TASK REQUIREMENTS: Each line of the listing, apart from the pictures, is to be printed exactly.

EXERCISE INPUTS:
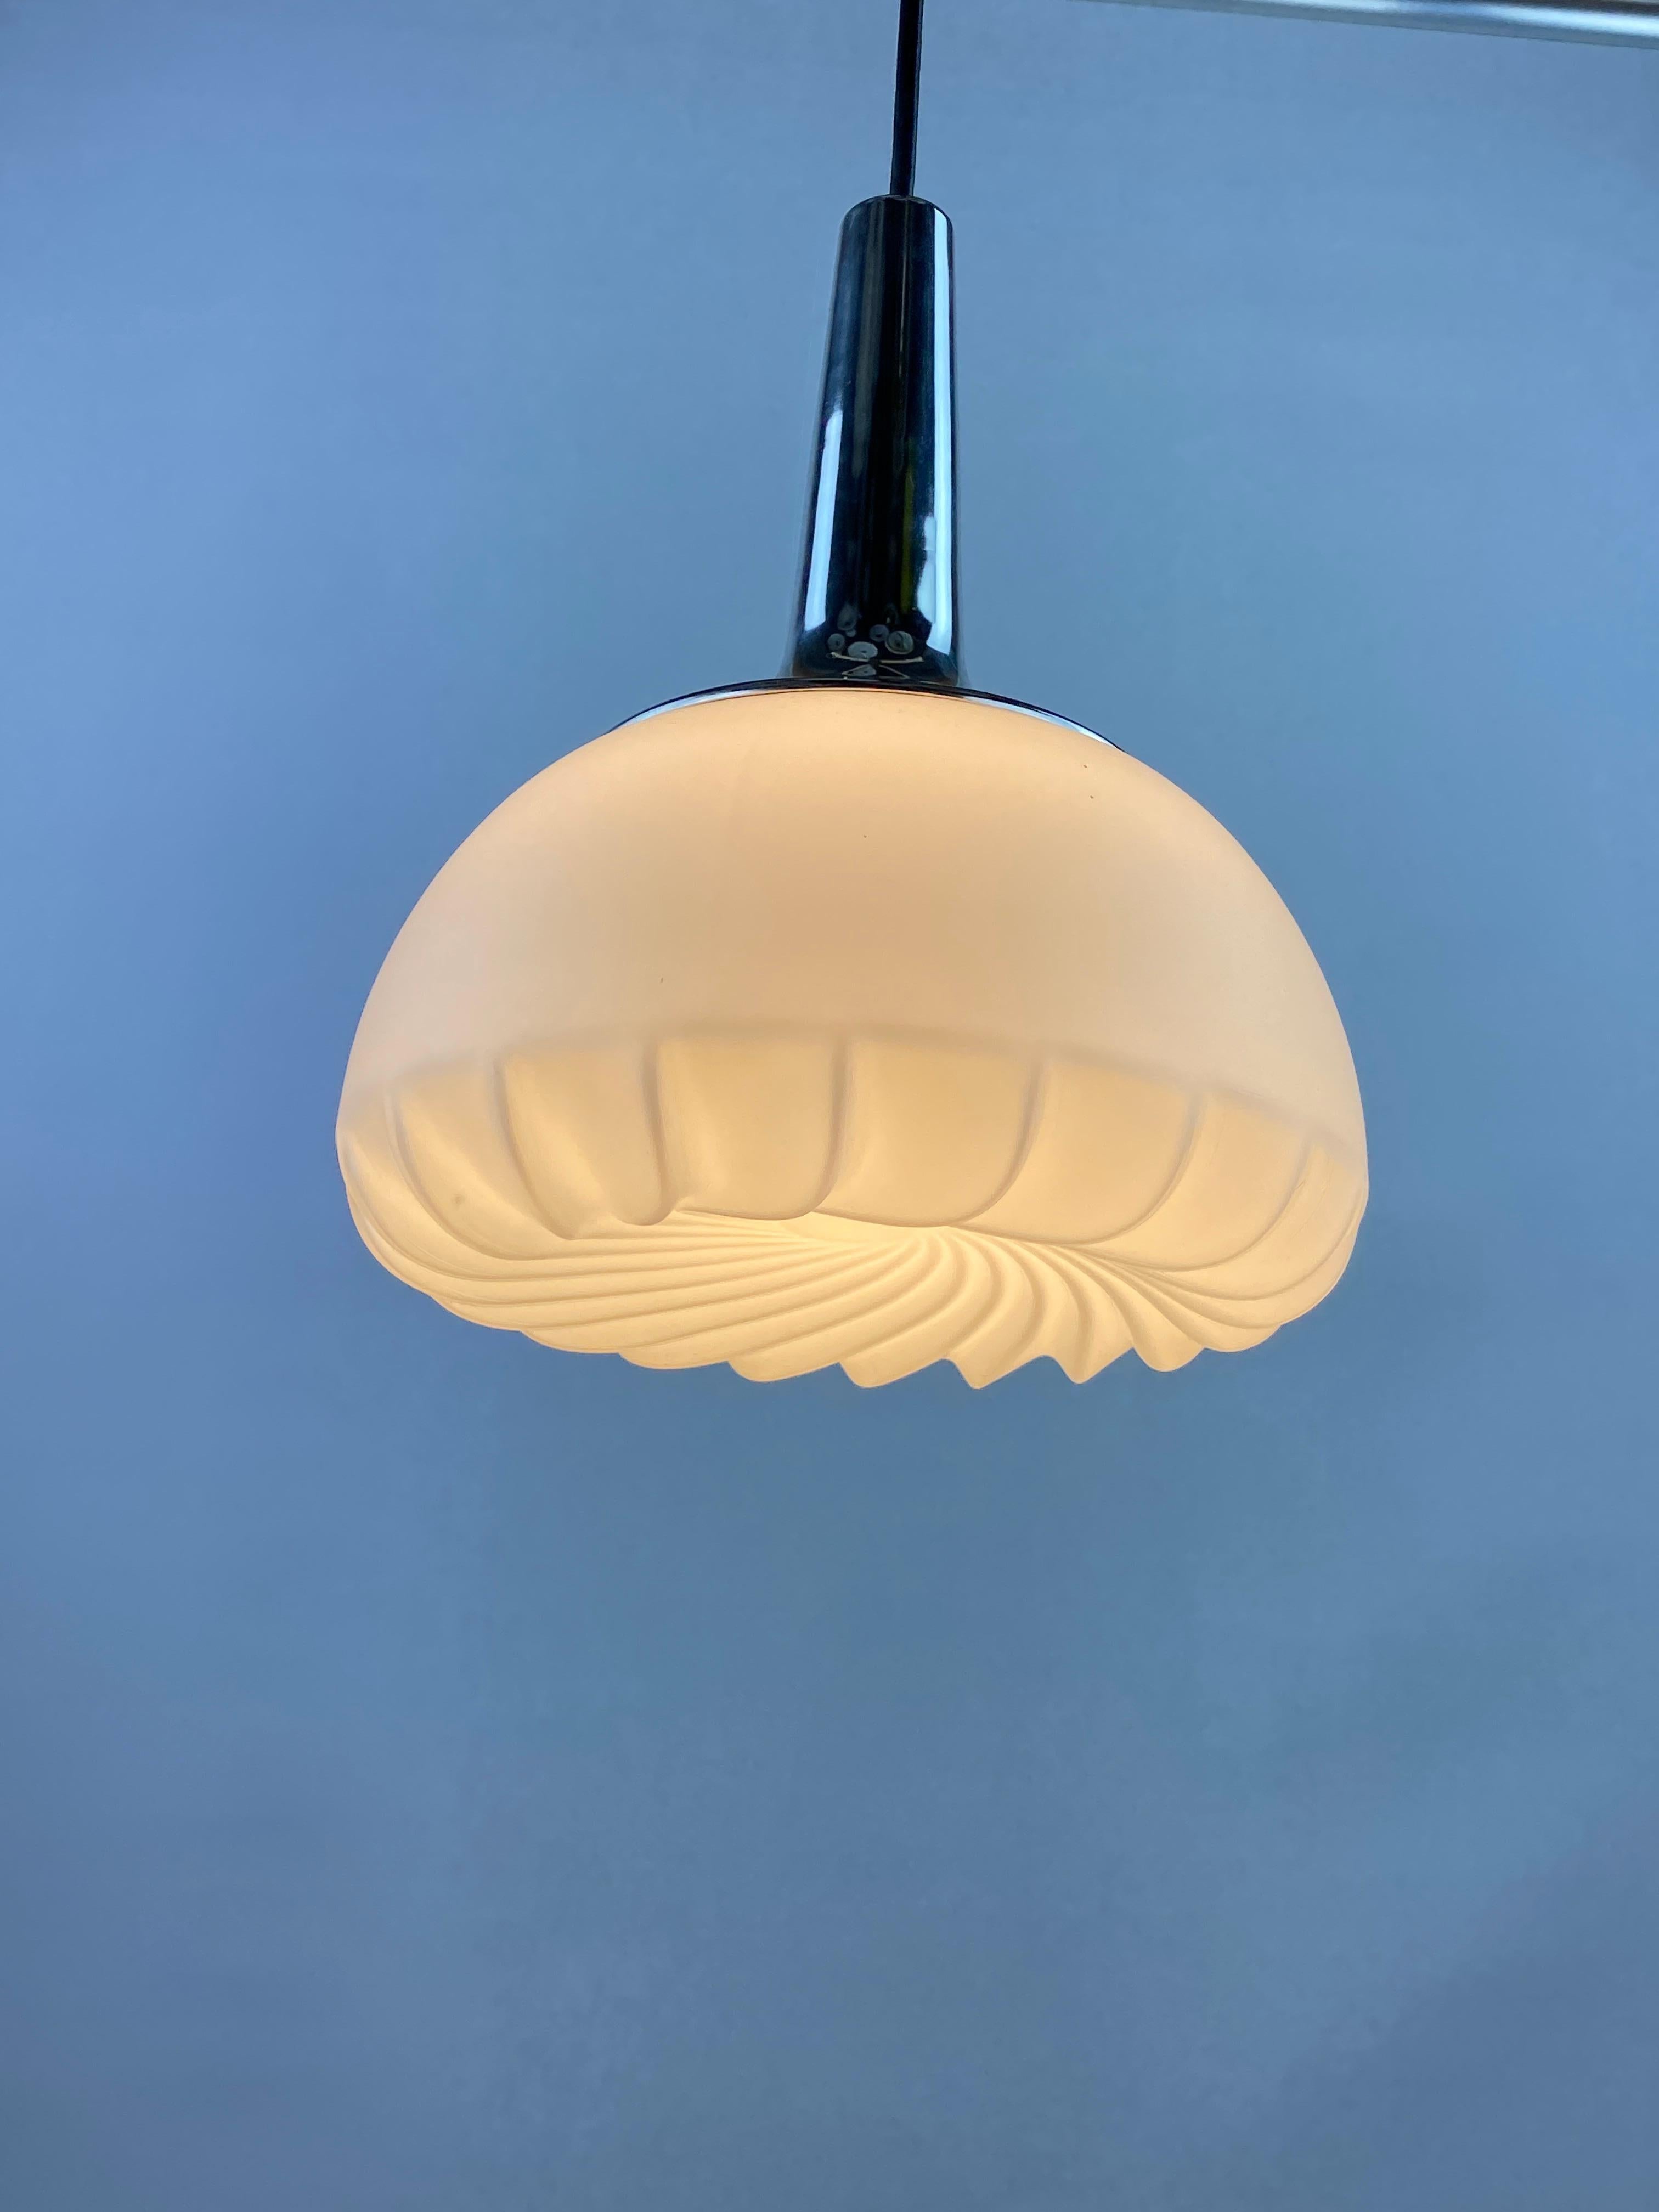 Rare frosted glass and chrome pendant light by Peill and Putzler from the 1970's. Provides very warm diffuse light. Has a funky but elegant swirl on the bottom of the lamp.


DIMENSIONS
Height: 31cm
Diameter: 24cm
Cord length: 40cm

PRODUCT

ANSWER BOX:
 Rare frosted glass and chrome pendant light by Peill and Putzler from the 1970's. Provides very warm diffuse light. Has a funky but elegant swirl on the bottom of the lamp.


DIMENSIONS
Height: 31cm
Diameter: 24cm
Cord length: 40cm

PRODUCT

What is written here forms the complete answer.